→ **Raw data**:
----------------------------------------

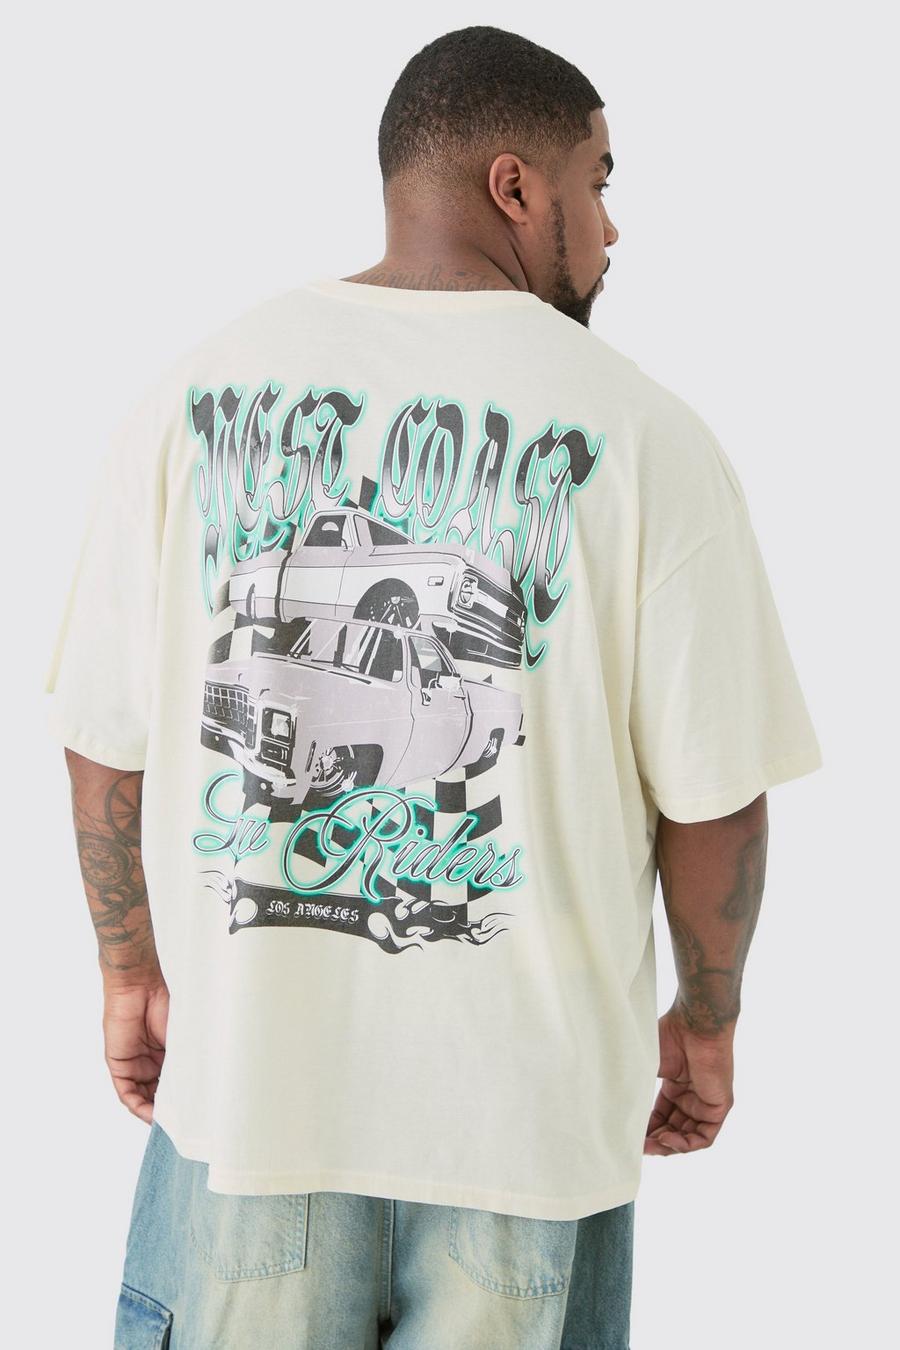 Plus West Coast Graphic Car T-shirt In Ecru
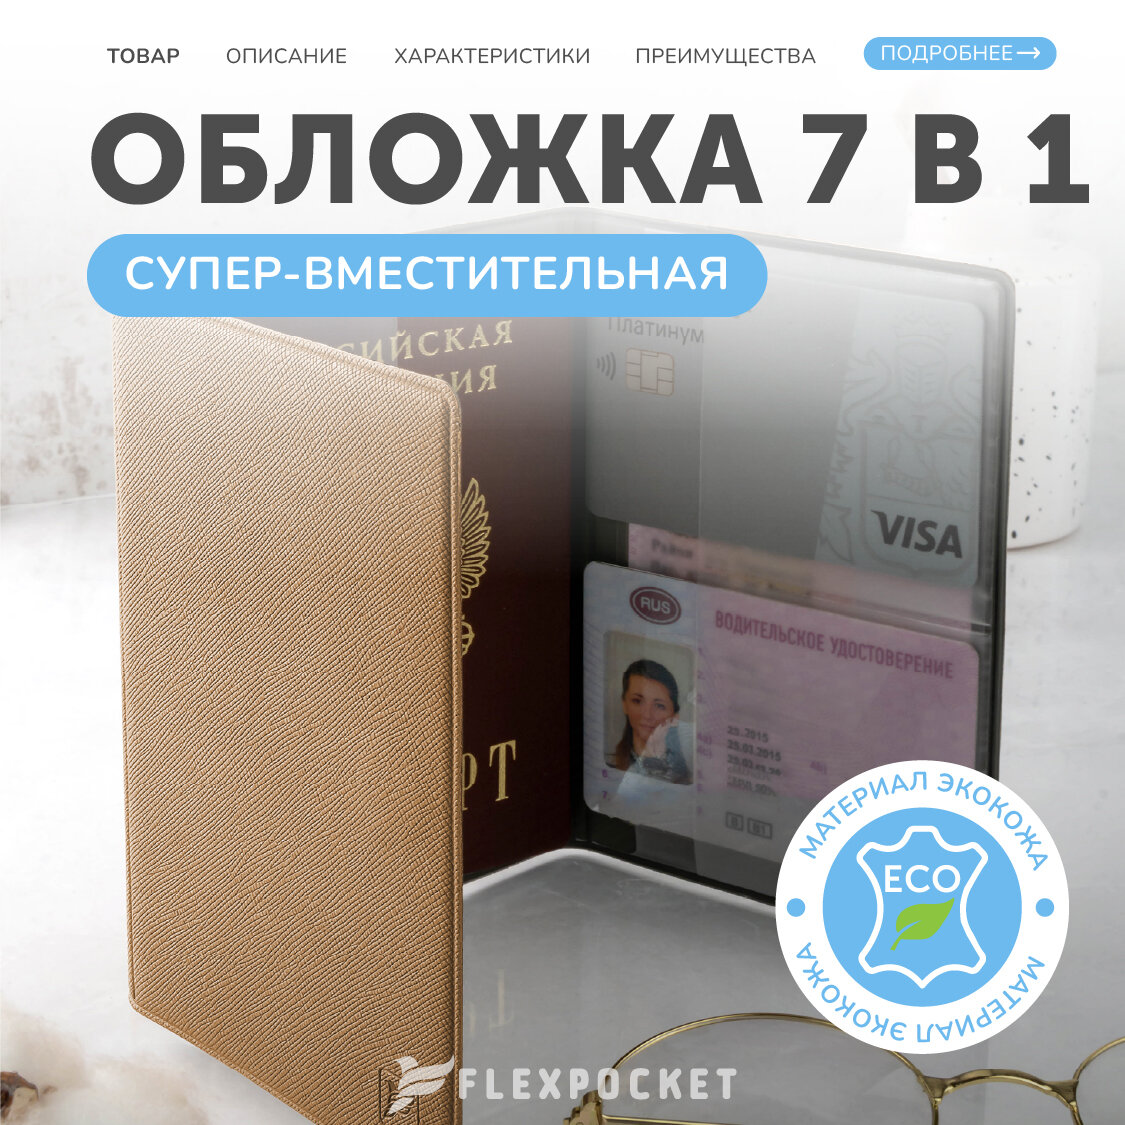 Документница для личных документов Flexpocket обложка на паспорт, для автодокументов, банковских карт
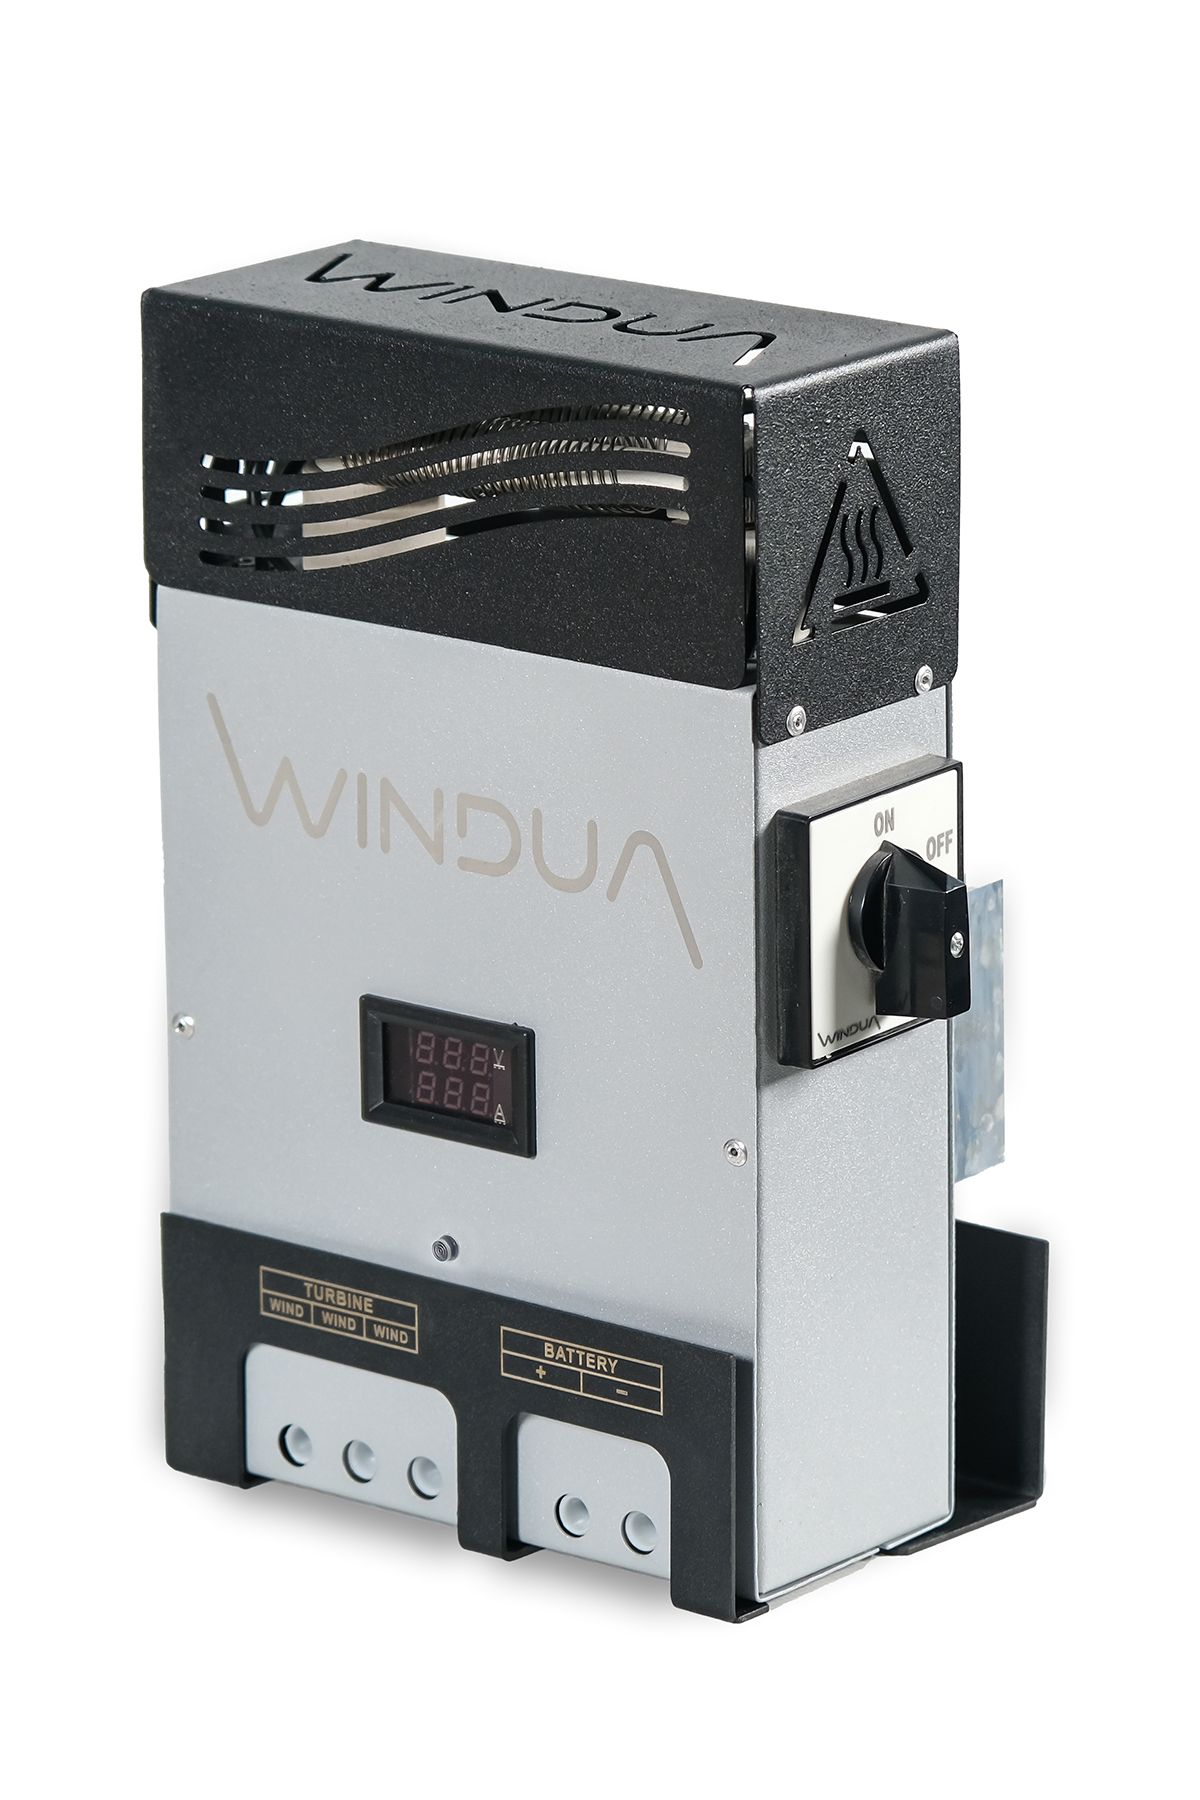 Windua Rüzgar Türbini Şarj Kontrol Cihazı 12 V - 0-4000 Watt Güç Aralığı

----------------------------------------

→ **Instructions to follow**: Write out every line above again exactly, with the pictures left out.

→ **Reply**:
 Plus West Coast Graphic Car T-shirt In Ecru
 Документница для личных документов Flexpocket обложка на паспорт, для автодокументов, банковских карт
 Windua Rüzgar Türbini Şarj Kontrol Cihazı 12 V - 0-4000 Watt Güç Aralığı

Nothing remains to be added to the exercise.